Когда стемнело, всем захотелось продолжения на воздухе, и мы двинулись вниз по аллее от корпуса гостиницы по направлению к воде. Почти возле берега мы набрели на две скамейки, стоявшие друг против друга. Решив, что это как раз то, что нам нужно, мы с шумом расположились на них. Он сам вроде как случайно сел рядом со мной. И темнота, мой союзник, скрыла ото всех и в первую очередь от сидящей напротив нас Светки, как в какой-то момент я медленно сняла руку со своих колен и увела ее за его спину. И продолжая как ни в чем не бывало участвовать во всеобщем веселье, я забралась пальцами под его рубашку и стала водить ими по его коже, по твердой, сразу напрягшейся спине. Кожа его была такой удивительно гладкой, и я чувствовала, как пробегало возбуждение по его телу, как он вздрагивал и тут же гасил свою дрожь, чтобы не выдать, что у нас там на самом деле происходило.

Ну и все, дело сделано. И на следующий день он улучил момент, когда рядом никого не было, и спросил номер моего телефона. Получается, прятался, боялся в открытую перед Светкой заигрывать с другой. Может уже успел наобещать ей чего после того, что было там у них на матрасе. А может, не уверен был, что со мной дело выгорит и стоит ли отшивать Свету. Не известно. В общем, номер он спросил втихаря. Записать ему было некуда, и он уверял, что запомнит.

5

И действительно он запомнил и позвонил мне в тот же день вечером, когда мы уже вернулись домой. А на следующий день мы с ним встретились. Он приехал за мной на машине, на старом ВАЗе 10-й модели. Но что мне было до того, какой у него автомобиль, я была счастлива тем, что ради меня он принесся с другого конца города. Только я помню, немного удивилась, что он в той же самой одежде, что была на нем на турбазе. Наверное, другой не было. Но эта выглядела чистенькой и свежей, так что ладно. Тем более его оранжевая рубаха очень шла к его загорелому стройно-поджарому телу. Еще я помню, что его манера водить машину показалась мне отталкивающей — он сидел близко придвинувшись к рулю, сгорбившись, почти склонившись над ним, резко озирался, приоткрывая рот, осуществлял какие-то дерганые маневры, ускорения, одним словом вылитый нервный таксист.
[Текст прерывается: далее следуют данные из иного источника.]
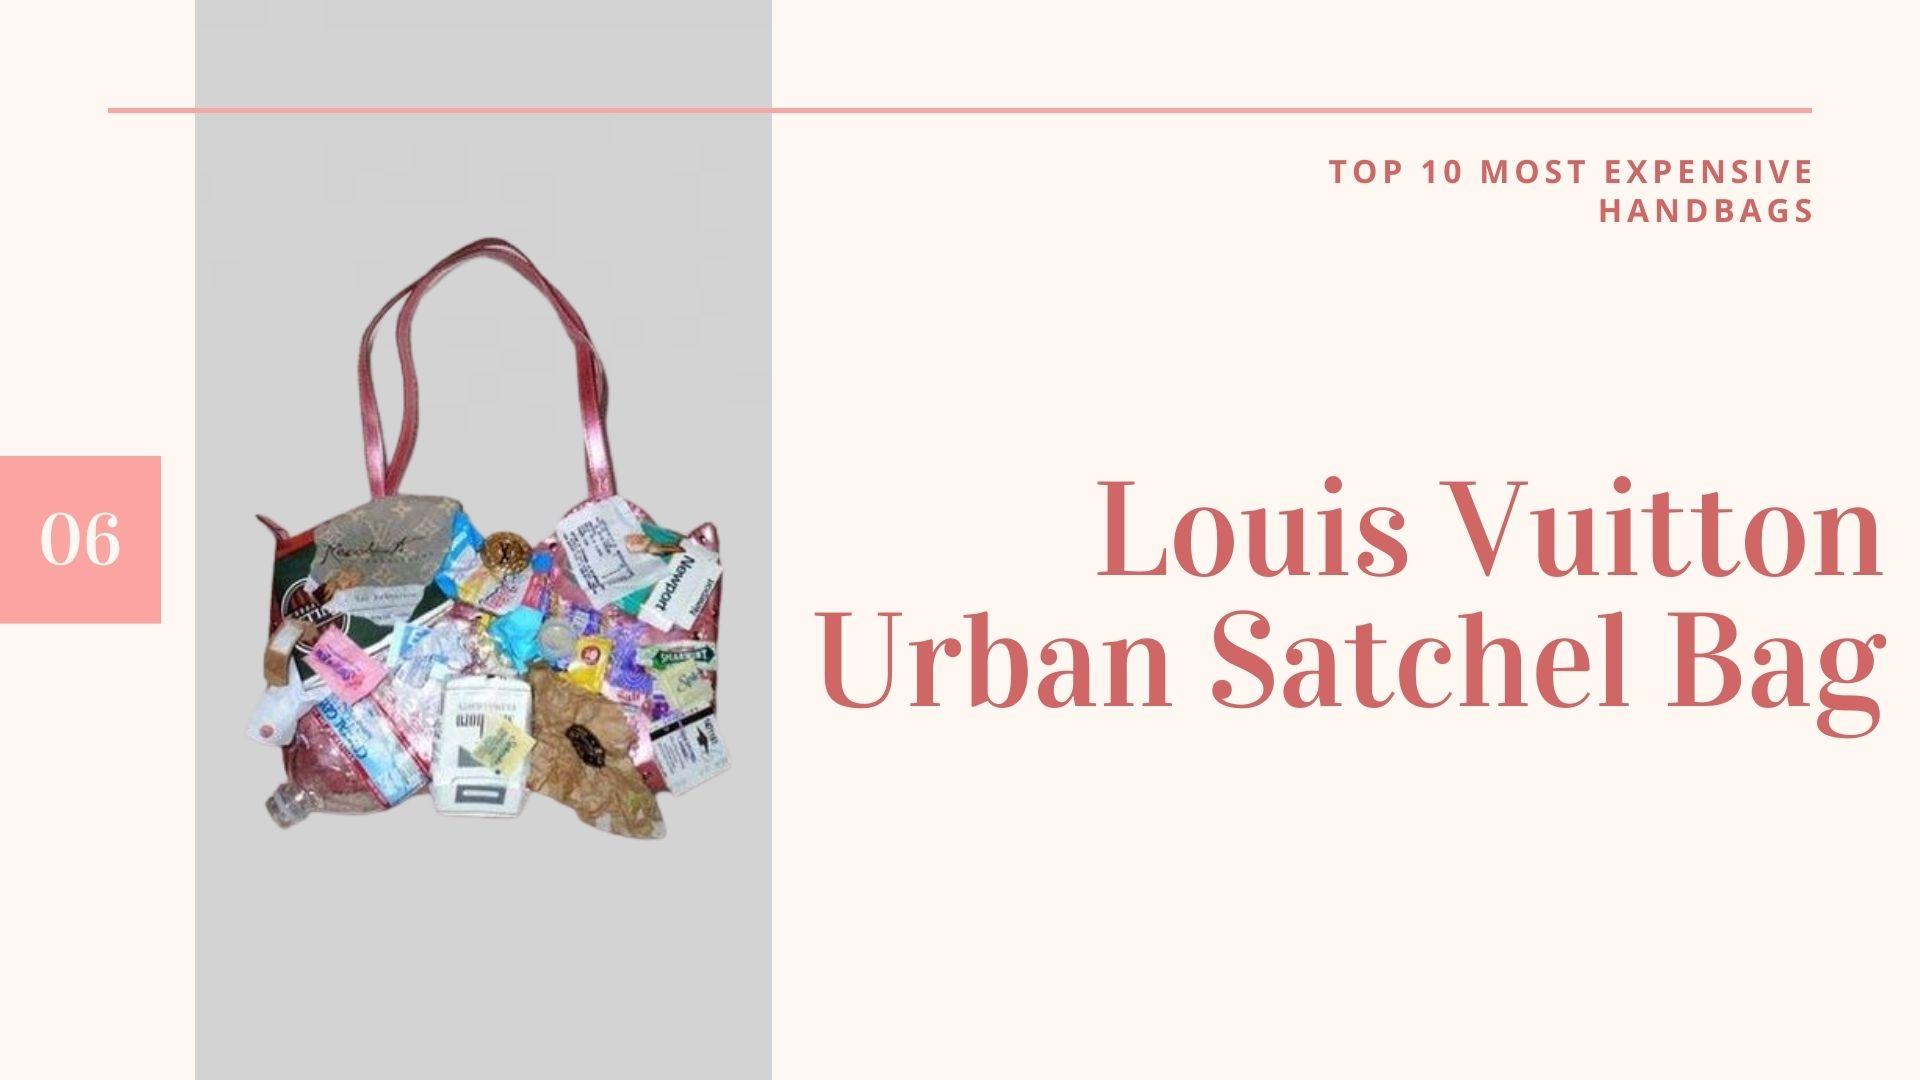 Louis Vuitton Urban Satchel Bag - กระเป๋าที่แพงที่สุดในโลก

Впрочем, позднее я узнала, что он действительно раньше таксовал, чтобы перебиться куском хлеба. А одно время вообще жил в машине, больше было негде. Но я была очарована им, и все эти известия только придавали еще больше трагического романтизма его образу в моих глазах.

Итак, первое свидание прошло без каких-либо интересных событий. Мы ездили в гости к его друзьям, одной паре. Они тоже были приезжими. И мой новый друг, кажется, жил с ними в одном общежитии во время учебы.

На этой же неделе мы встречались с ним еще. Он опять приезжал за мной, мы куда-нибудь ехали, гуляли и он отвозил меня домой. Поцеловались мы с ним на четвертое свидание. О прочем речи не шло, что меня немного озадачивало. Он даже не делал намеков, чтобы пригласить меня к себе, хотя я знала, что он жил один.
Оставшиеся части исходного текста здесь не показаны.